When is \catcode executed?

TeX absorbs one record (typically a line) at a time, but doesn’t immediately tokenize it. It rather normalizes it changing the EOL character(s), if the operating system uses it (them), with the character corresponding to the current value of \endlinechar.

Then it proceeds reading the line tokenizing the input as needed for determining what is coming along.

For instance, if it finds \foo {xyz} and \foo is a single argument macro, it will ignore the space and tokenize the open brace and whatever it finds until the matching closed brace is found (and tokenized). Going on with the example, if the expansion of \foo includes something like \catcode\endlinechar=12, the next end of line character not yet tokenized will be interpreted as having category code 12. So catcode changes are done in the stomach, but they can and will influence input not yet entered in the mouth, that is, not yet tokenized.

However, keep in mind that TeX interprets no instruction and expands no macro when it’s absorbing the replacement text of a macro. This is mainly what Knuth refers to with characters already inside token lists.

A curious example:

x\obeyspaces x\bye

You may know that \obeyspaces is simply

\catcode`\ =\active

and that Plain TeX sets the active space character to expand to a catcode 10 space. You can check that the output is

enter image description here

Wait! Doesn't TeX ignore spaces after control words? Yes and no. When tokenizing the input, TeX determines that the next character after s is not a letter (that is, the internal table of catcodes doesn't assign it the code 11), so it stops searching for the control sequence names and the input scanner goes into state “skipping blanks”, but the space has not yet been tokenized. The token \obeyspaces is a parameterless macro, so it's expanded and the category code change performed. Now TeX needs more tokens, so it tokenizes the next character, which happens to be a space and it assigns it category code 13 as instructed by the (just changed) catcode table: since the next character doesn't have catcode 10, the state changed from “skipping blanks” to “middle of line”. Then TeX expands the active character it and a space in output appears.


According to the TeXbook, characters in a file are first converted to tokens with catcodes ("mouth") and then any nonexpandable commands are executed ("stomach").

You have to be careful here about what is meant by “and then”.

It is true that characters are converted into tokens by the “mouth”, and that these tokens are passed to the “stomach”. But if you interpreted it as saying that all characters in a file are first tokenized, and only then (after everything has been tokenized) the “stomach” comes into play — then that's not true.

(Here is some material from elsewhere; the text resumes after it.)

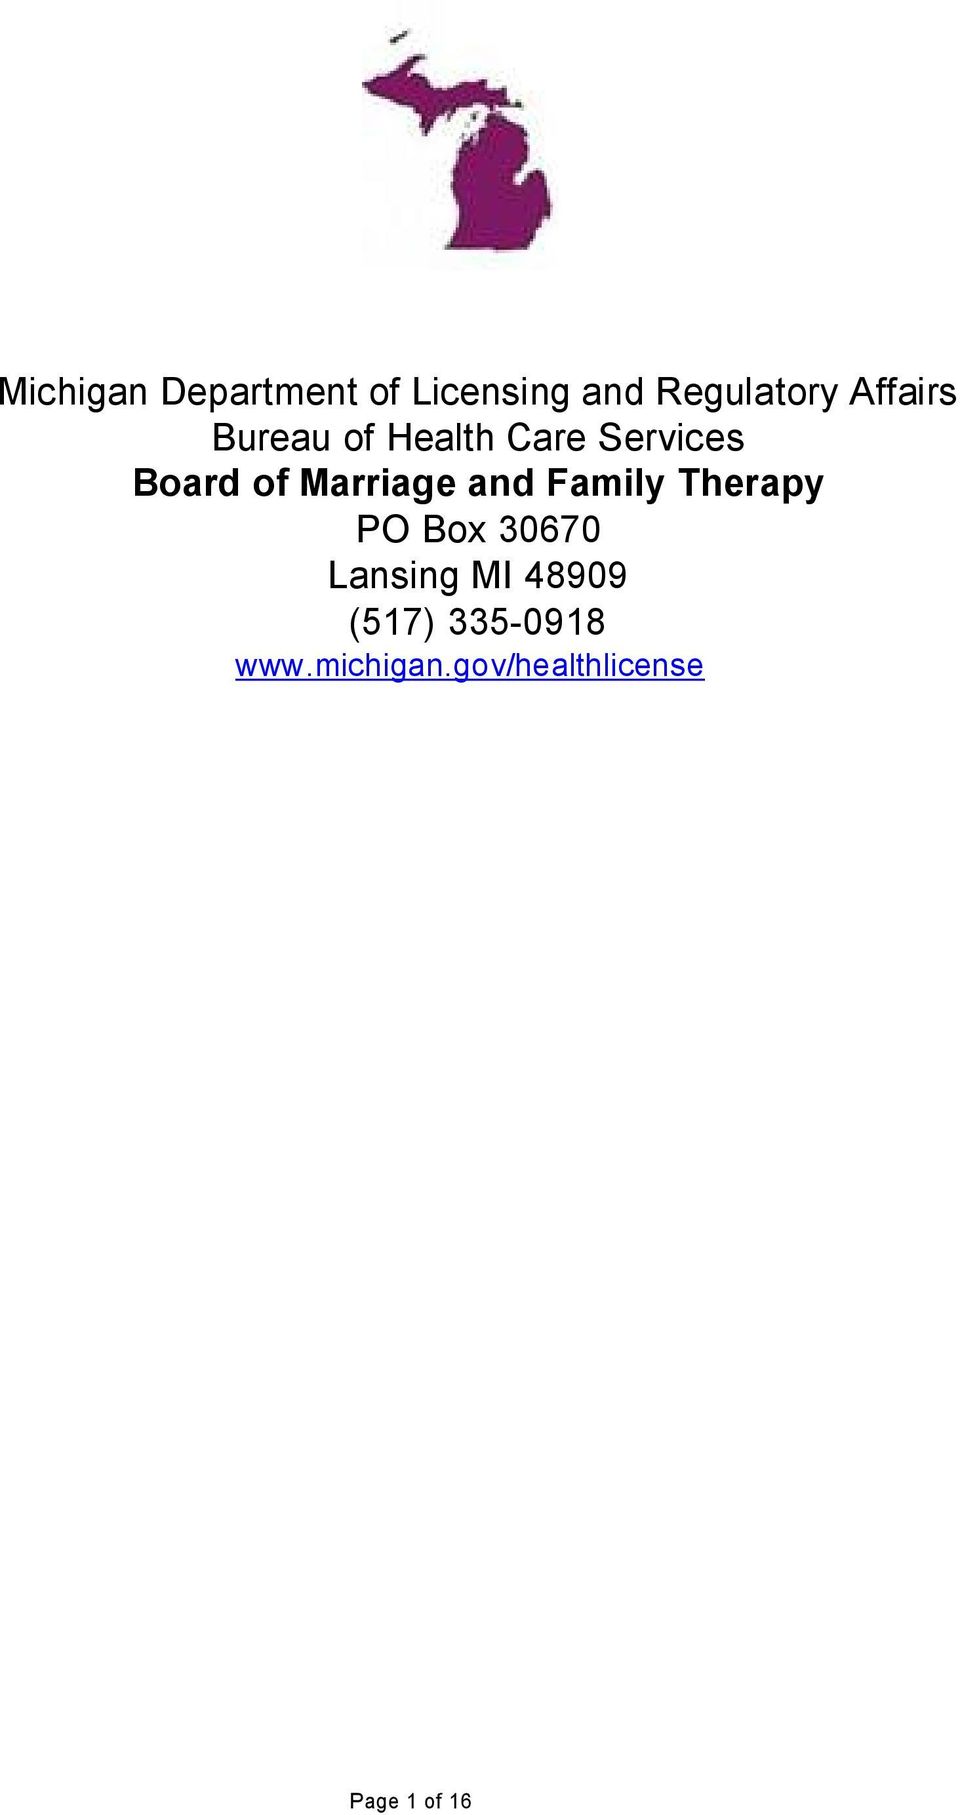 Marriage and Family Therapy PO Box 30670 Lansing MI

Instead, the two systems interact: the “mouth” may pass a command to the “stomach”, which takes some actions and then asks the “mouth” for more tokens, and so on. The actions taken in the “stomach” can influence the future workings of the “mouth”.

It may help to consider the other names of the “mouth” and “stomach”: they are called the “input processor”[+“expansion processor”] and “execution processor” in TeX by Topic, and “syntactic routines” and “semantic routines” by Knuth in the TeX program:

from the TeX program

To a first approximation, you can think of the main control loop of TeX as a hungry stomach, simply executing commands one after another, and repeatedly asking the mouth for tokens either after completing a previous command, or while executing a particular command. For example, suppose you had the following input file:

hi\hskip 10 pt\end

Then the stomach gets

  • the token h₁₁ (which it “executes” essentially as a command to typeset that character — puts that character in the appropriate list).
  • the token i₁₁ (which it “executes”, same as above).
  • the token \hskip — at this point, the stomach executes the hskip command, as part of which the syntactic routines (mouth) are invoked and asked for tokens, to scan the glue specification 10 pt.
  • the token \end (which it executes as a command).

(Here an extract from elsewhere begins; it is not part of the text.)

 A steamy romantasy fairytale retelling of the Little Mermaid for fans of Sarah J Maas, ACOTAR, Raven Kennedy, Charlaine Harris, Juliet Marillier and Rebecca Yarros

So when The TeXbook gives (on page 38) the example you mentioned, of {\hskip 36 pt} being converted into the sequence of tokens {₁, hskip, 3₁₂, 6₁₂, p₁₁, t₁₁, }₂, it is a bit misleading: although the characters do indeed get converted to those tokens at some point, this tokenization (of p and t for example) does not fully happen before the “stomach” sees the \hskip command; much of it happens after.

\catcode is a nonexpandable command, so it should be executed after character tokens have been assigned a catcode. […] So if a \catcode command is encountered in the "mouth", does TeX automatically execute it so that it will affect any tokens after it? Or is it still executed in the stomach, after tokens following it might have been assigned the wrong catcode already?

There is a lot of (understandable) confusion here, but the answer is: \catcode is executed in the stomach, after previous characters have been assigned catcodes and turned into tokens.

  • If \catcode is encountered in the mouth when the stomach is looking for a command to execute, then it is passed to the stomach, executed there, and affects future tokens.

  • If \catcode is encountered in the mouth when the stomach is simply collecting tokens (such as in the definition of a macro or a token-list assignment) then it is simply collected as yet another token (not executed), and future tokens (in the list being collected) will be scanned according to the catcodes when the collection started.

To illustrate, consider \catcode`S=3 which changes the category code of the letter S to 3 (namely math shift, like $).

An example of the first case:

hello \catcode`S=3 SxS 
\bye

Result:
hello x

An example of the second case:

\def\change{hello \catcode`S=3 SxS}

\change

now SyS

\bye

Result:
hello SxS

(Here, first the definition of \change was collected as a token list in which there was an explicit “letter” token S, so when we used \change it expanded to a list containing that letter-S token which is what got typeset. But that expansion of \change also contained a \catcode command, which got executed this time and affected future tokens.)

At which "organ"/stage of TeX is \catcode executed?

Simple answer: In the stomach.